Madinah, kota yang berdenyut dengan cinta Rasul, memeluk masjid Ghamamah seperti seorang ibu yang menjaga anaknya. Di antara langkah para peziarah, tercium aroma sejarah yang lembut, seperti wangi tanah setelah hujan rahmat. Cahaya matahari yang jatuh di halaman masjid bukan sekedar sinar, melainkan serpihan cahaya surga yang menuntun jiwa menuju ketenangan. Di sini, setiap langkah menjadi do’a, setiap pandangan menjadi dzikir.
Masjid Ghamamah berdiri diantara masa lalu dan masa kini, menjadi jembatan antara dunia fana dan keabadian. Kubahnya memantulkan langit, seolah berkata bahwa setiap awan yang melintas membawa pesan cinta dari Sang Pencipta. Di bawah naungannya, hati manusia luluh, ego mencair dan jiwa menemukan rumahnya. Ghamamah bukan hanya tempat, melainkan perasaan – sebuah keteduhan yang lahir dari iman.

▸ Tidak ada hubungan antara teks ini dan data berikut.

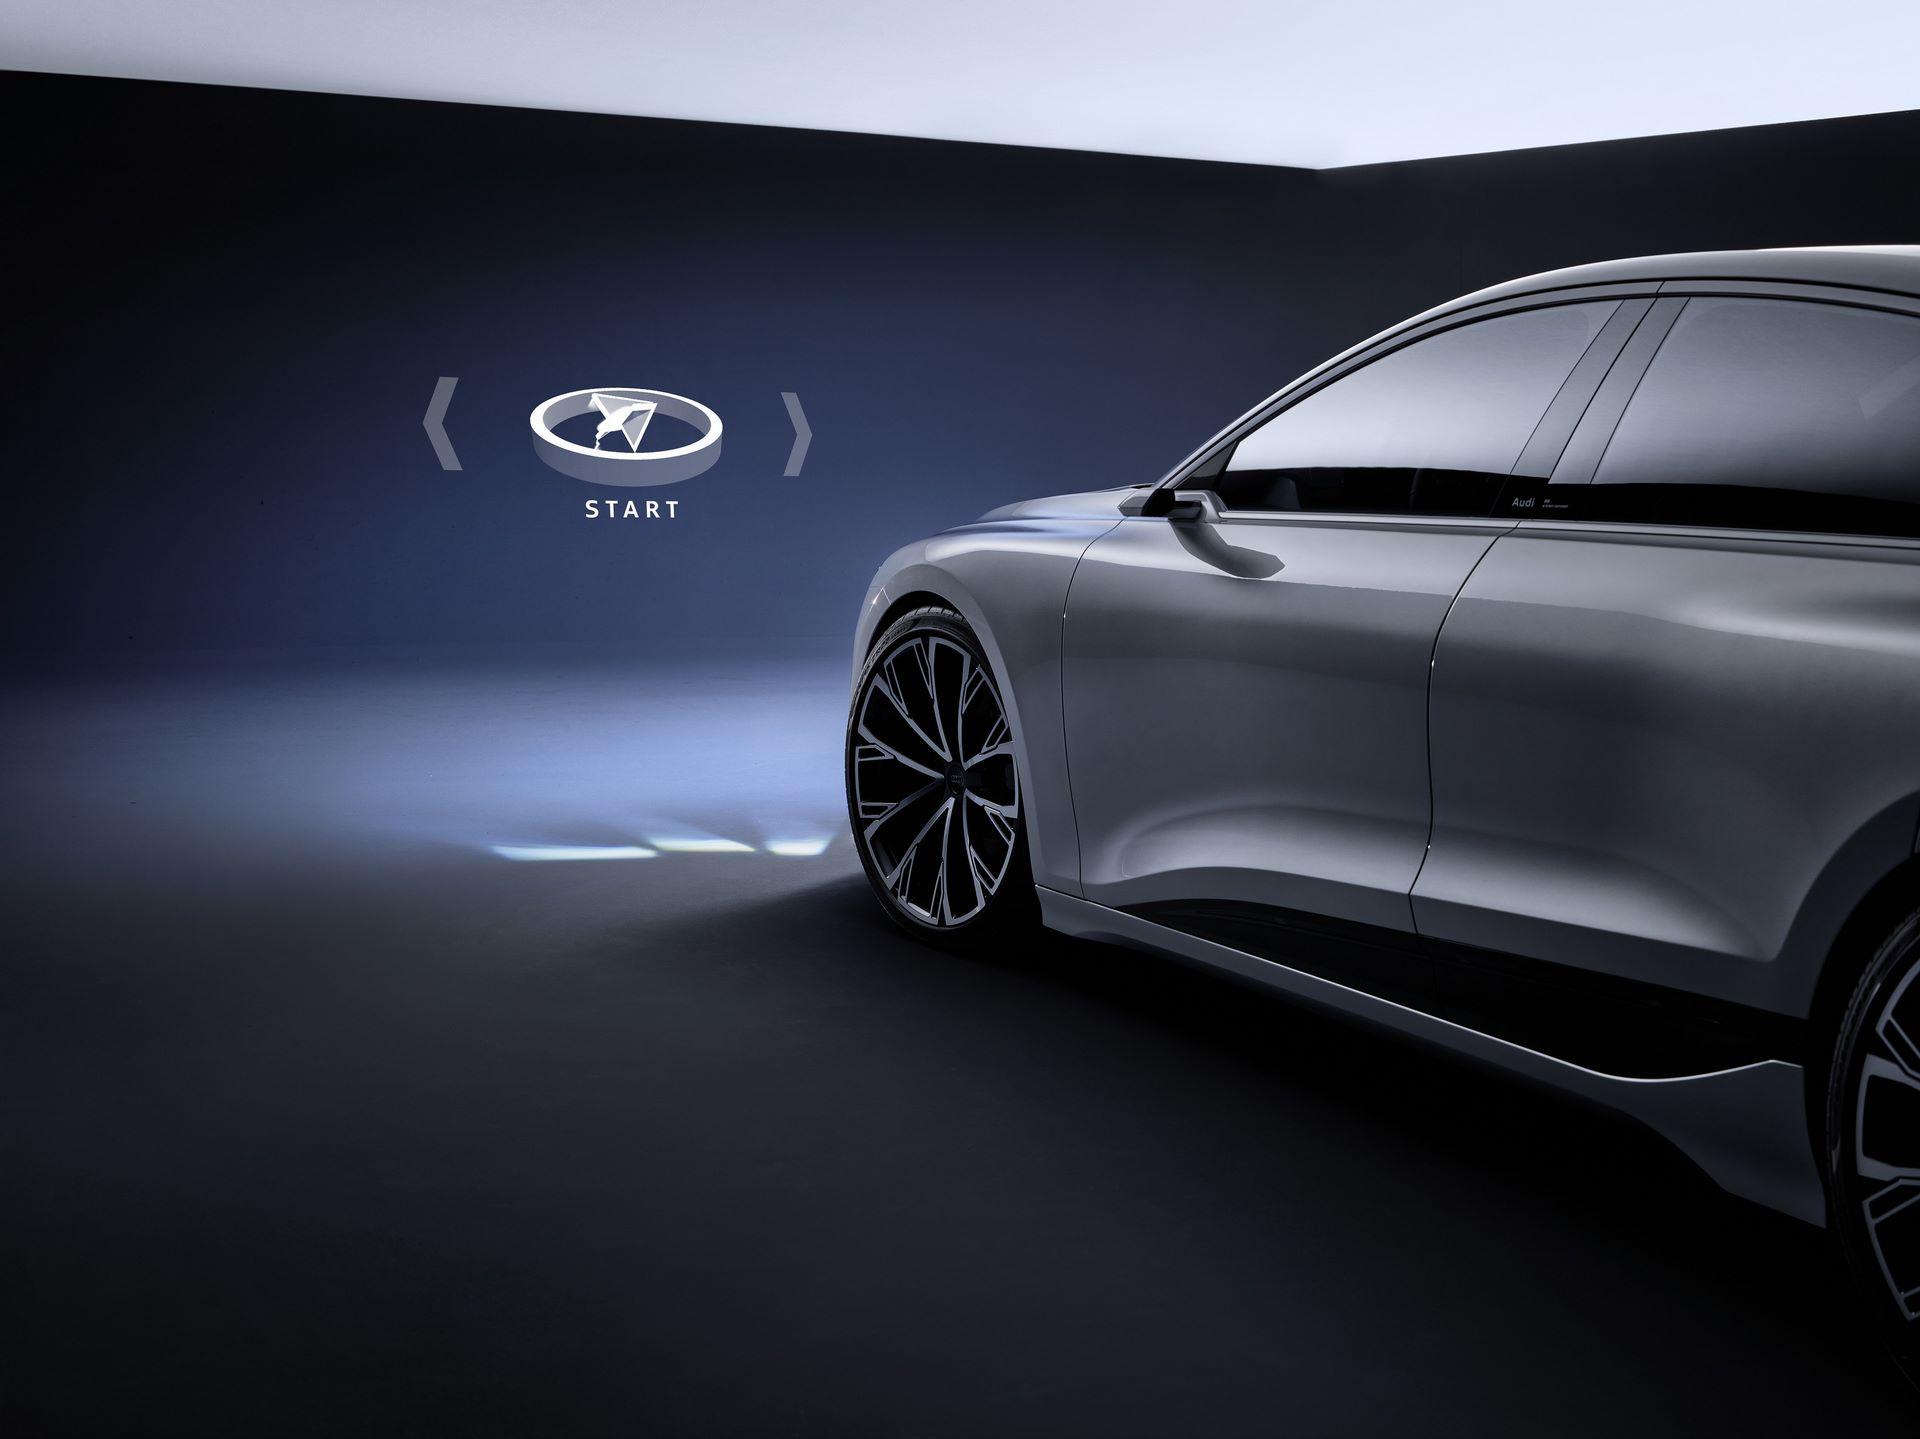 Audi-A6-e-tron-concept-56

Ketika senja menurunkan tirainya diatas Madinah, masjid Ghamamah bersinar lembut, seperti lentera yang menuntun pejalan malam. Di sanalah jejak cahaya itu berdiam, menuntun setiap hati yang mencari arah pulang. Di bawah naungan Ghamamah, manusia belajar bahwa cahaya sejati bukan datang dari matahari, melainkan dari hati yang mengenal Tuhan.